I got a great comment from a reader, Katie, about my post about the Cron-o-Meter. Here is her comment:
“I’m really happy you published this. I would never have known about it otherwise. I’ve been using it for about 5 days now and really like it. In addition to being a good weight management tool, it’s excellent for figuring out where nutrition needs to improve. Within a few days, I found out that I’m not getting anywhere near the potassium or vitamin D I need each day. Now that I know, I can fix it. Yay!”

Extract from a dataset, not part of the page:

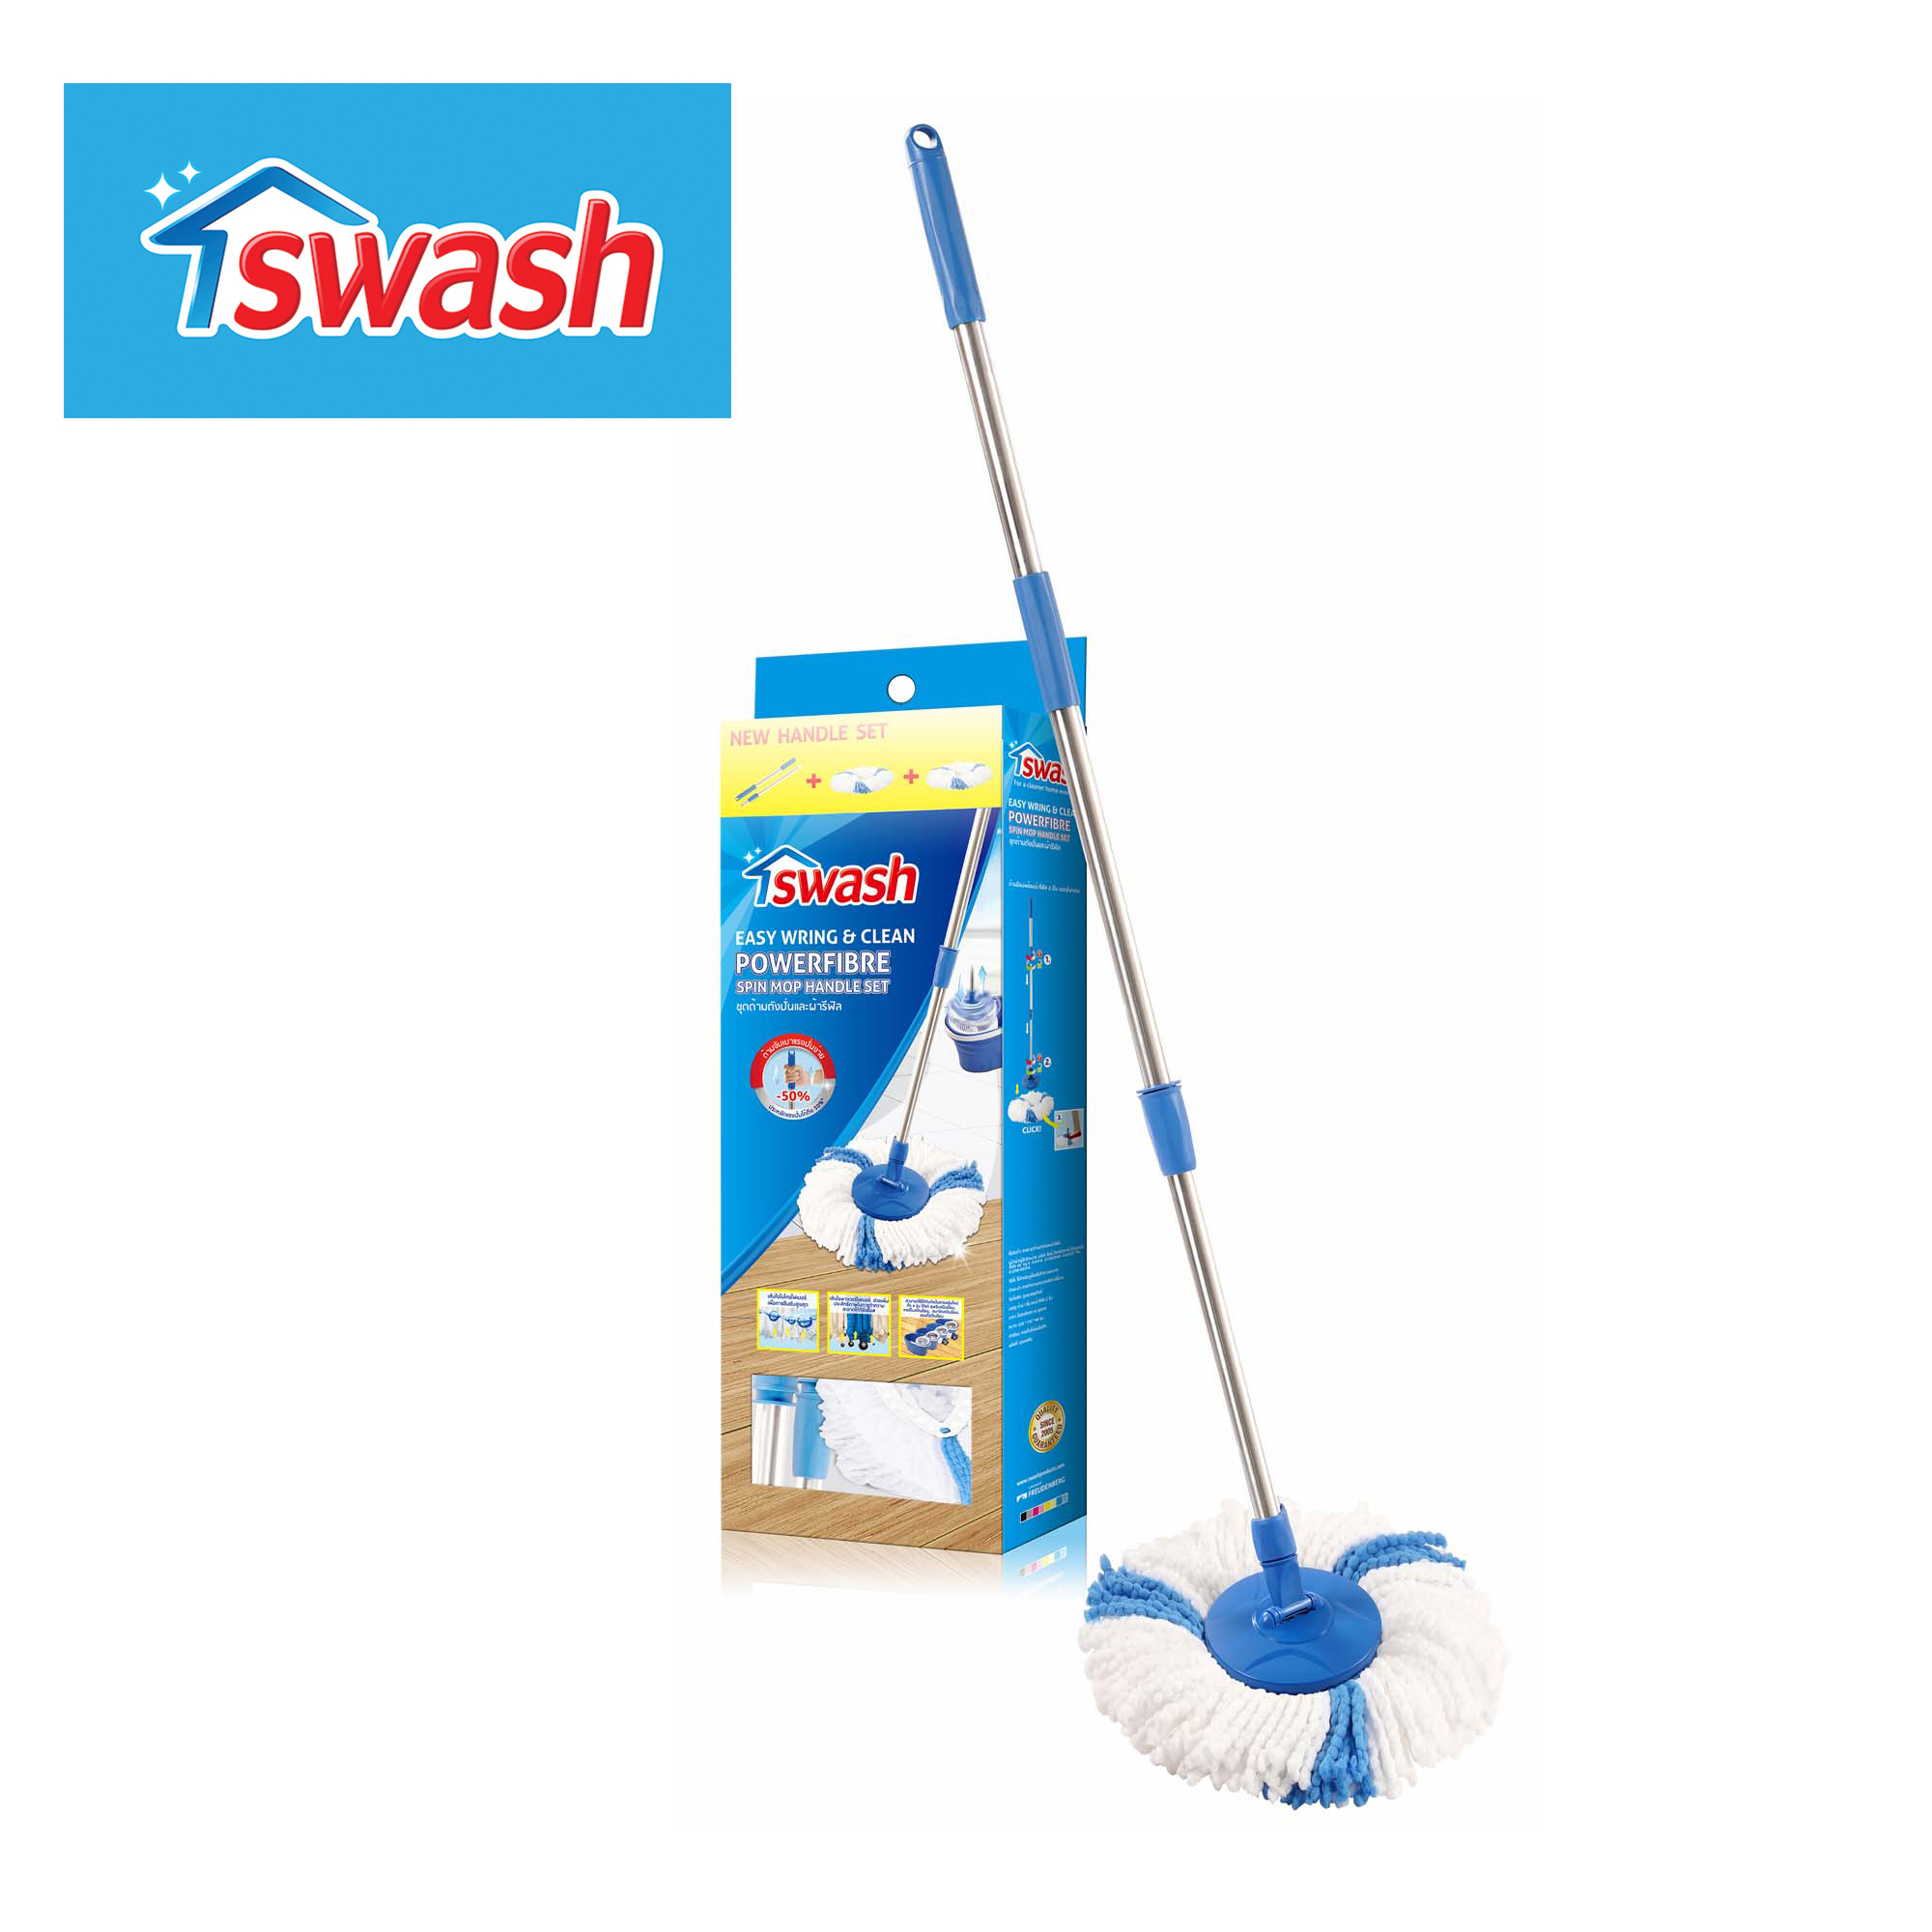 SWASH Easy Wring & Clean Spin Mop Handle Set - สวอช อีซี่ริงแอนด์คลีน ชุดด้ามถังปั่นและผ้ารีฟิล อะไหล่ไม้ม็อบ ไม้ถูพื้น ด้ามม็อบ ม็อบถูพื้น

I was happy to read that she liked the website and was finding a lot of value in it. But her comment also reminded me that I wanted to write a follow-up post about what I’ve also learned about my eating habits. I know where I need work in terms of the basics: I eat too many carbs, I don’t drink enough water, and I need to cut down on my sugar intake.
Beyond that, I wanted to know what I was deficient in. I try to eat a fairly balanced diet. My snacks are fresh fruit, I eat a lot of veggies. What works for me is high protein meals, and I do pretty well in staying within my calorie range each day. But what was my diet lacking?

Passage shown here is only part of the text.